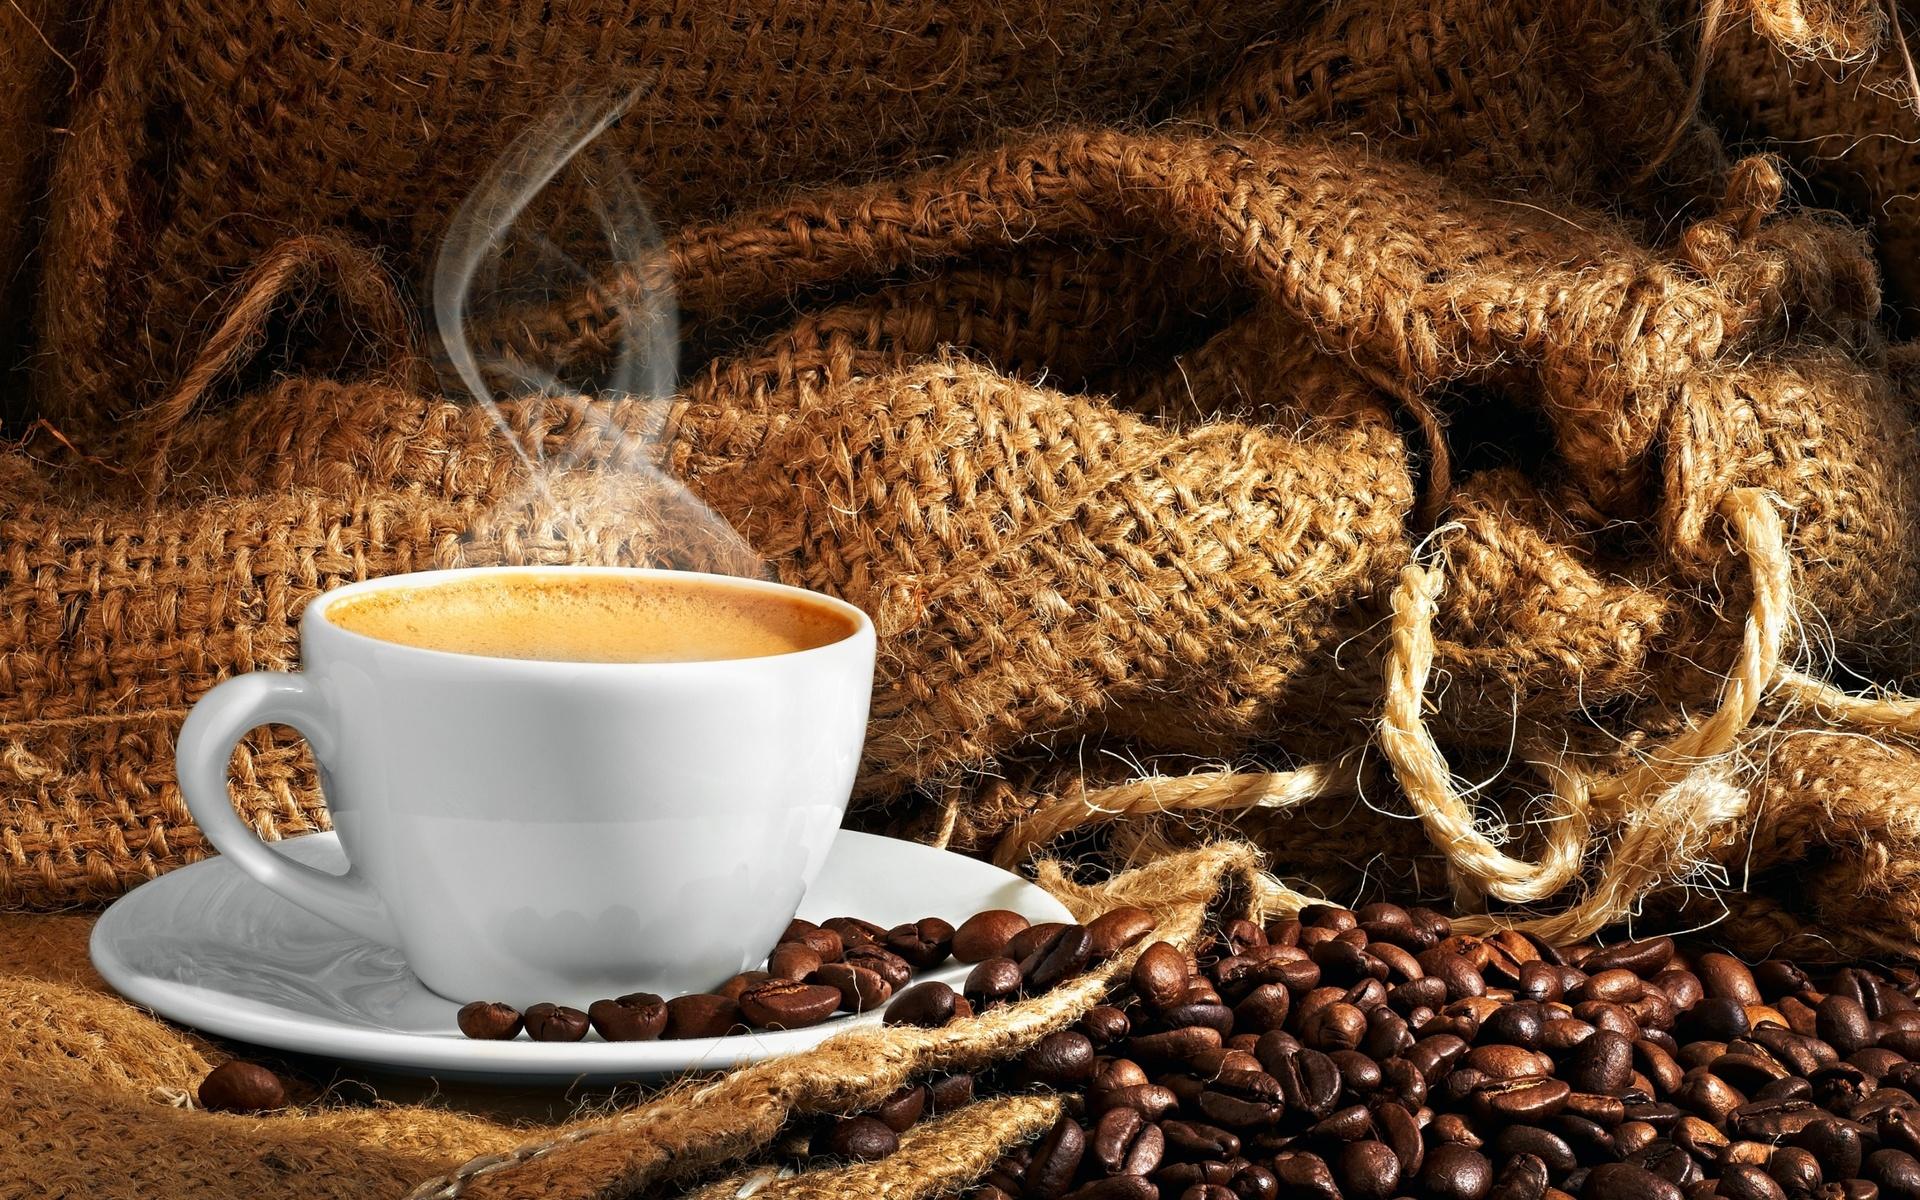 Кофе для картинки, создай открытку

...

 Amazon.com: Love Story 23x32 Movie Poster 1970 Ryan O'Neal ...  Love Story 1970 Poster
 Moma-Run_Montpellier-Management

==

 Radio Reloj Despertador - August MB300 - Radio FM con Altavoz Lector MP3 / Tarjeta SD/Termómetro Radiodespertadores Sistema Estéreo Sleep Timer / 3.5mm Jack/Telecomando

■ **AIM OF THE TASK**:
Please make an exact copy of the lines above from the line with "Amazon.com: Love Story" through the line with "Moma-Run_Montpellier-Management", both ends included.

■ **TASK ANSWER**:
 Amazon.com: Love Story 23x32 Movie Poster 1970 Ryan O'Neal ...  Love Story 1970 Poster
 Moma-Run_Montpellier-Management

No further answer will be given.